I'm studying buffer overflow and solving some wargames. There was a problem that all of the stack memory above the buffer is set to 0 except return address of main, which will be:
buffer
[0000000...][RET][000000...]
and I can overwrite that RET. So I found some hints for solving this problem. It was to use LD_PRELOAD. Some people said that LD_PRELOAD's value is in somewhere of stack not only in environment variable area of stack. So I set LD_PRELOAD and search it and found it using gdb.
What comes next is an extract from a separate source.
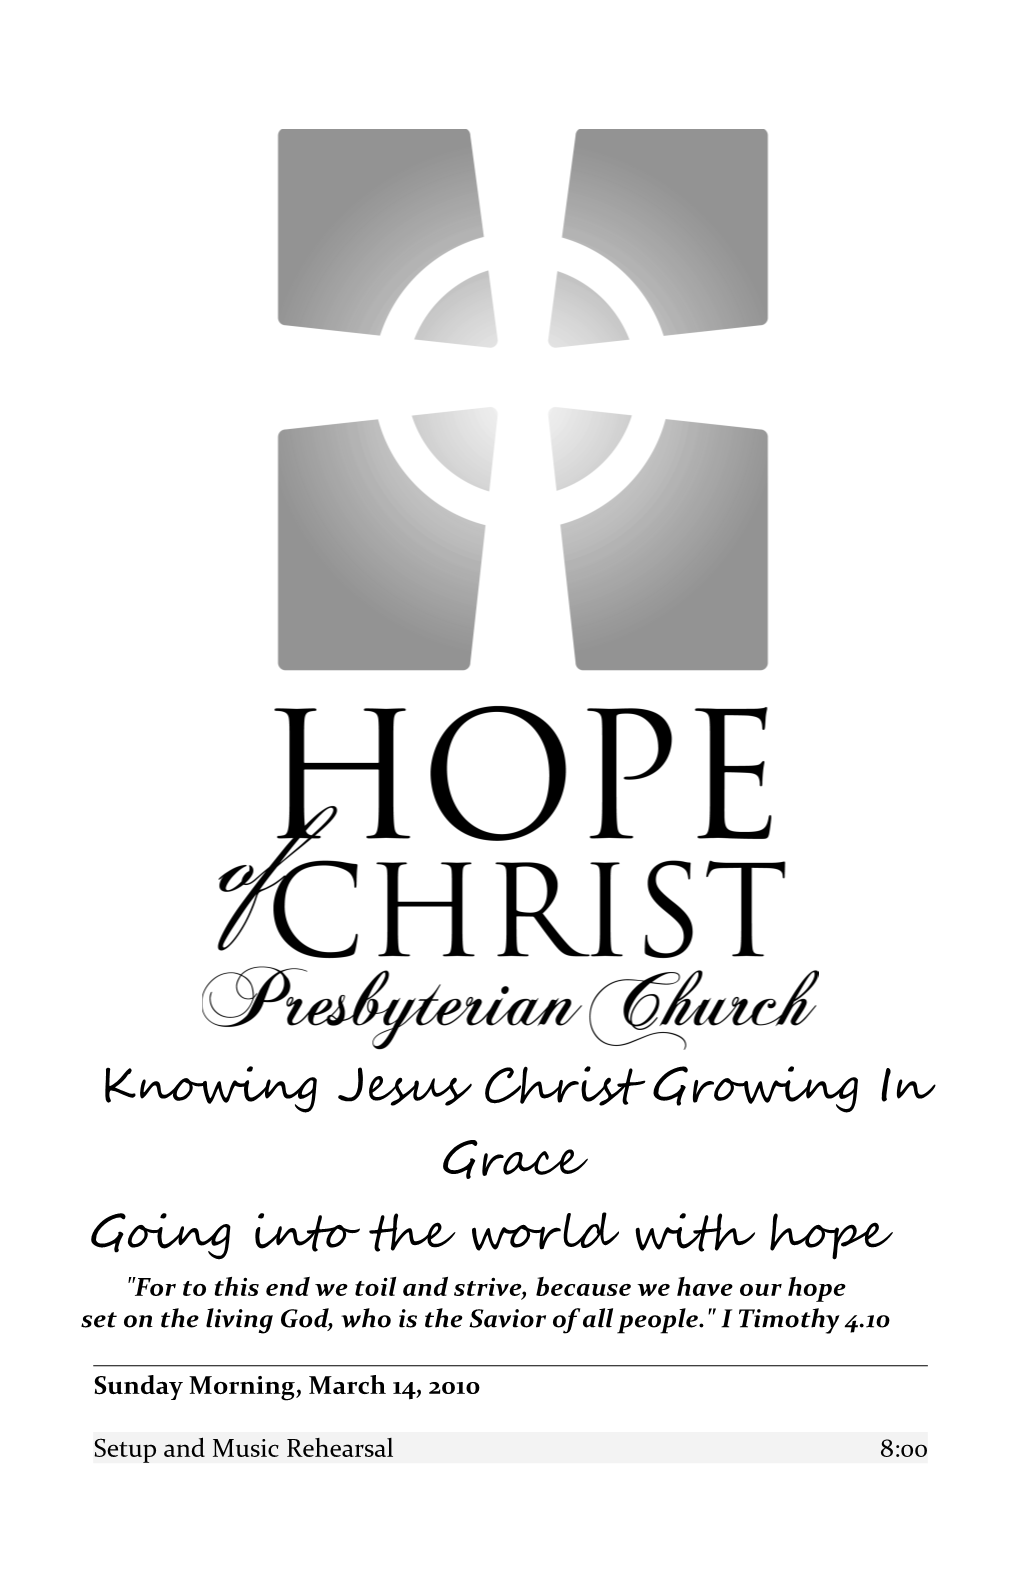 Knowing Jesus Christgrowing in Grace

$ export LD_PRELOAD=/home/coffee/test.so
$ gdb -q abcde
(gdb) b main
Breakpoint 1 at 0x8048476
(gdb) r
Starting program: /home/coffee/abcde
Breakpoint 1, 0x8048476 in main ()
(gdb) x/s 0xbffff6df
0xbffff6df: "@èC\001@/home/coffee/test.so"
(gdb) x/s 0xbffffc59
0xbffffc59: "LD_PRELOAD=/home/coffee/test.so"
(gdb) q
The program is running. Exit anyway? (y or n) y
$
So there is! Now I know that LD_PRELOAD's value is on stack below the buffer and now I can exploit!
But I wonder why LD_PRELOAD is loaded on that memory address. The value is also on environment variable area of the stack!
What is the purpose of this? Thanks.